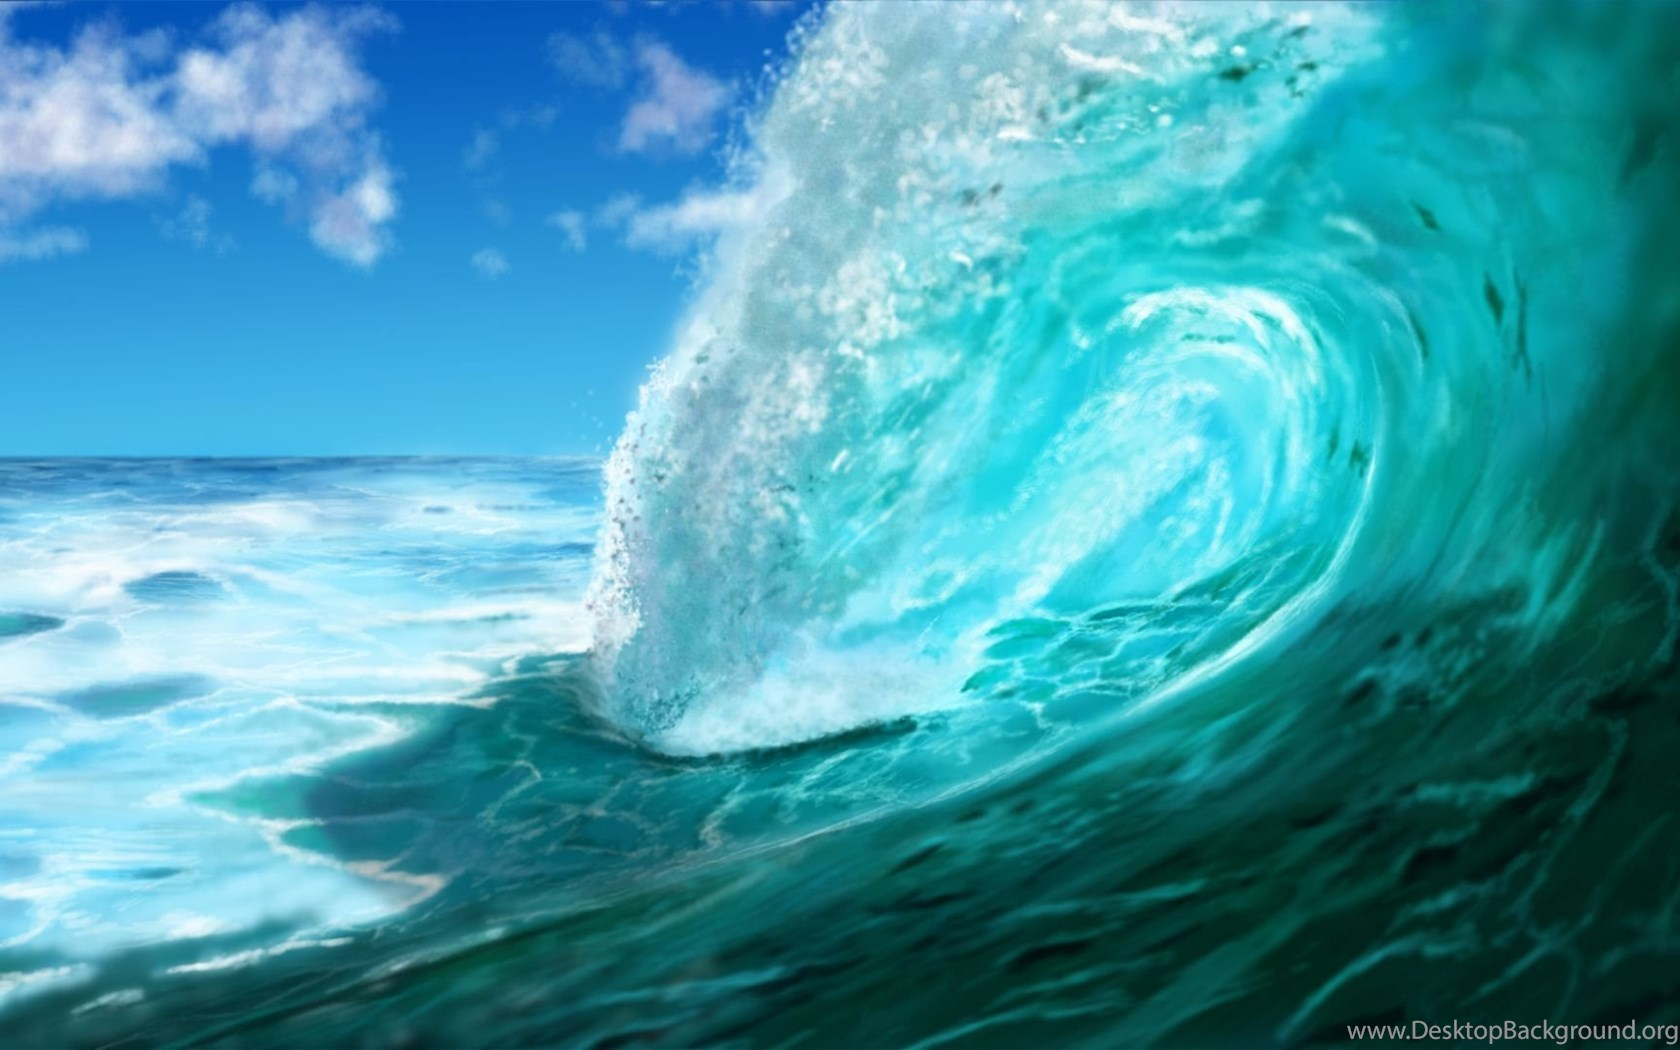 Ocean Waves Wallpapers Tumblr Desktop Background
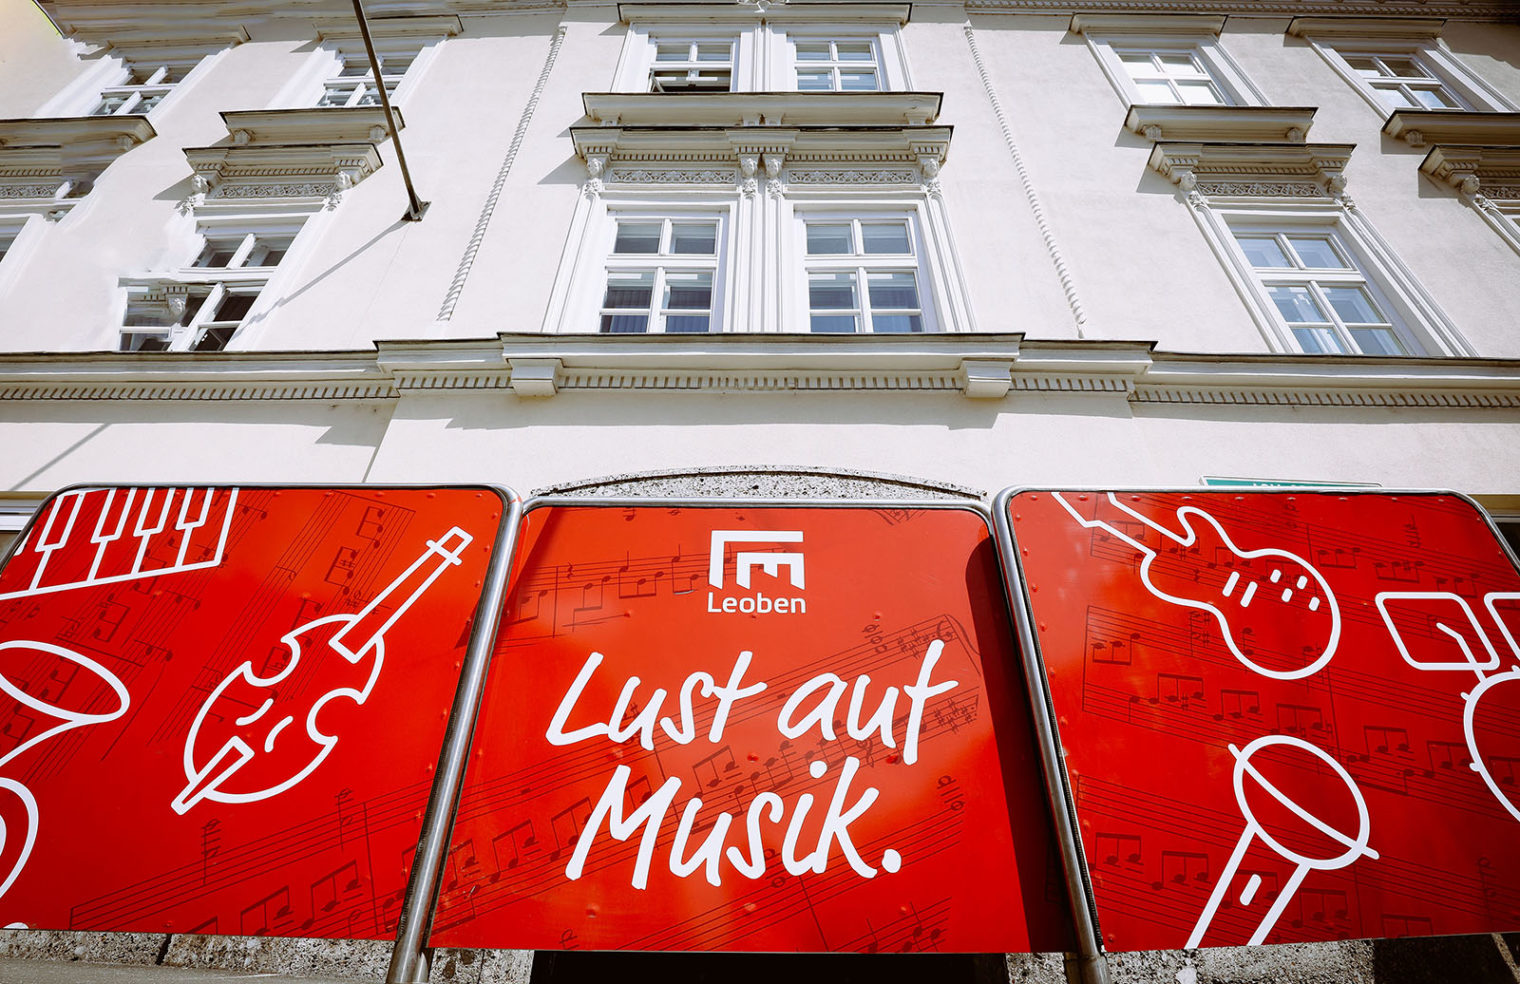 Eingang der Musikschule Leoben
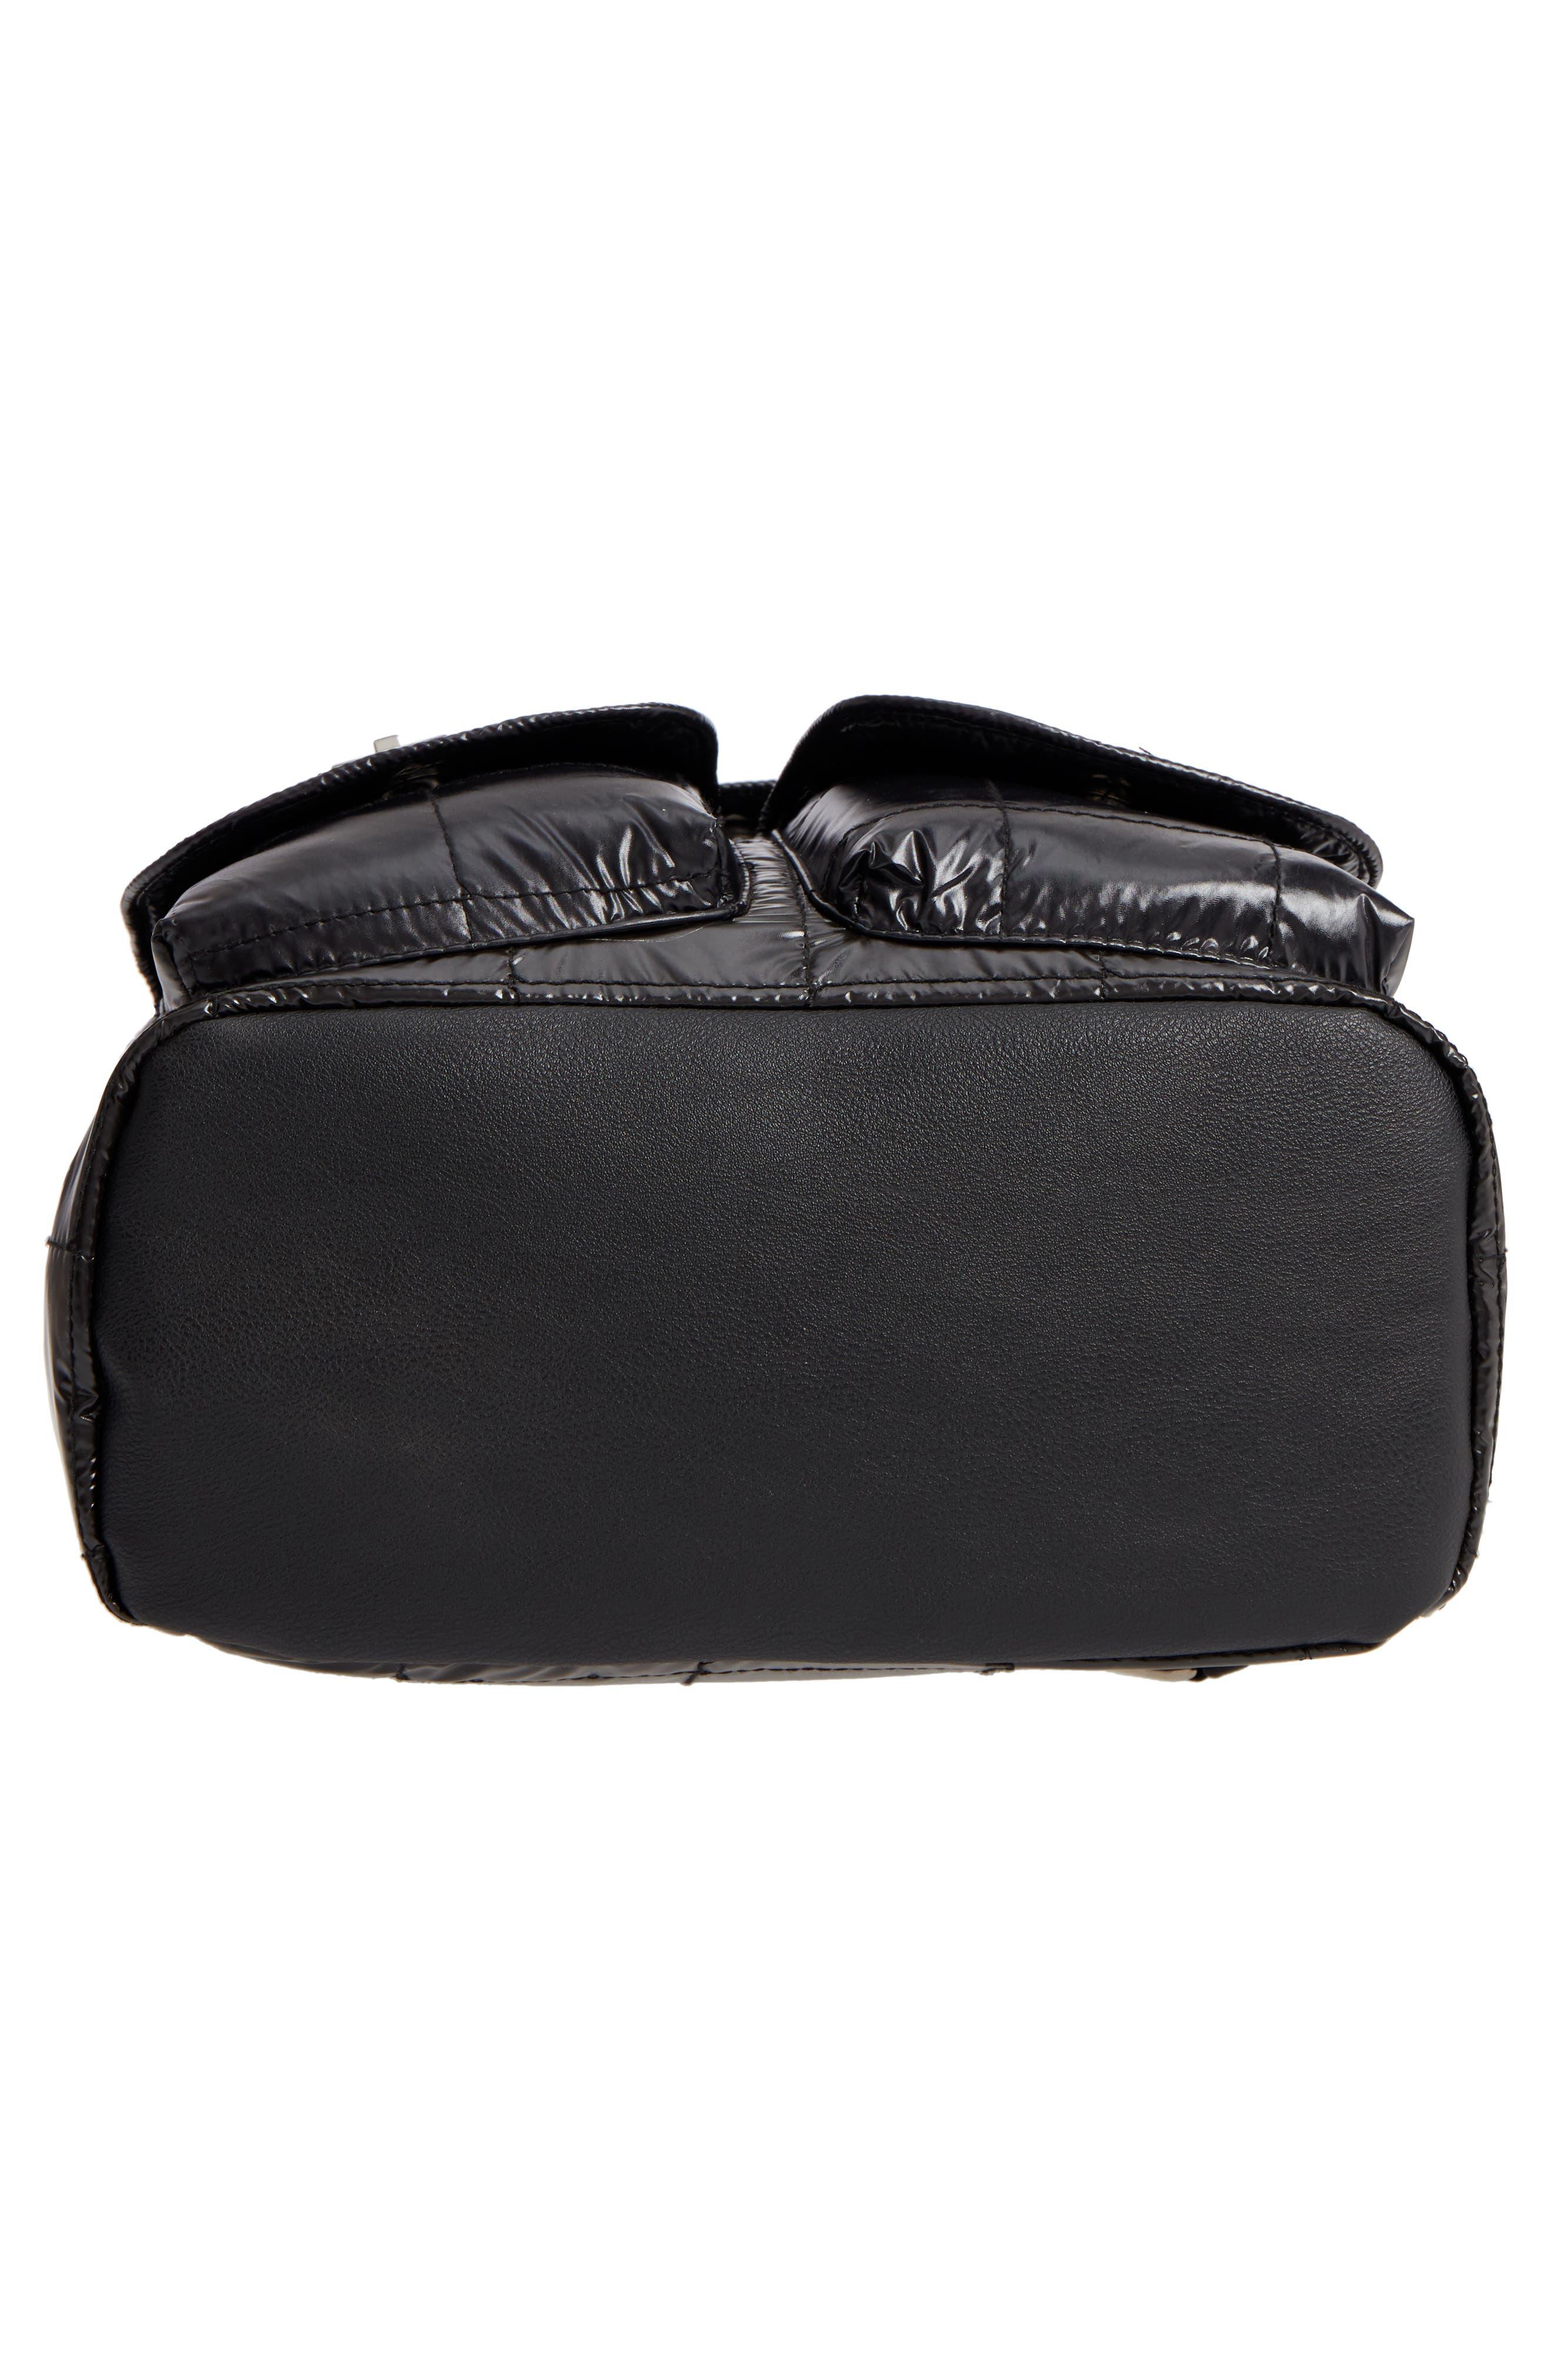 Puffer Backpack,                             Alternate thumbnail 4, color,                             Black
•••
When you reach a picture, pass over it; write out all other material exactly.

 Ocean Waves Wallpapers Tumblr Desktop Background
 Eingang der Musikschule Leoben
 Puffer Backpack,                             Alternate thumbnail 4, color,                             Black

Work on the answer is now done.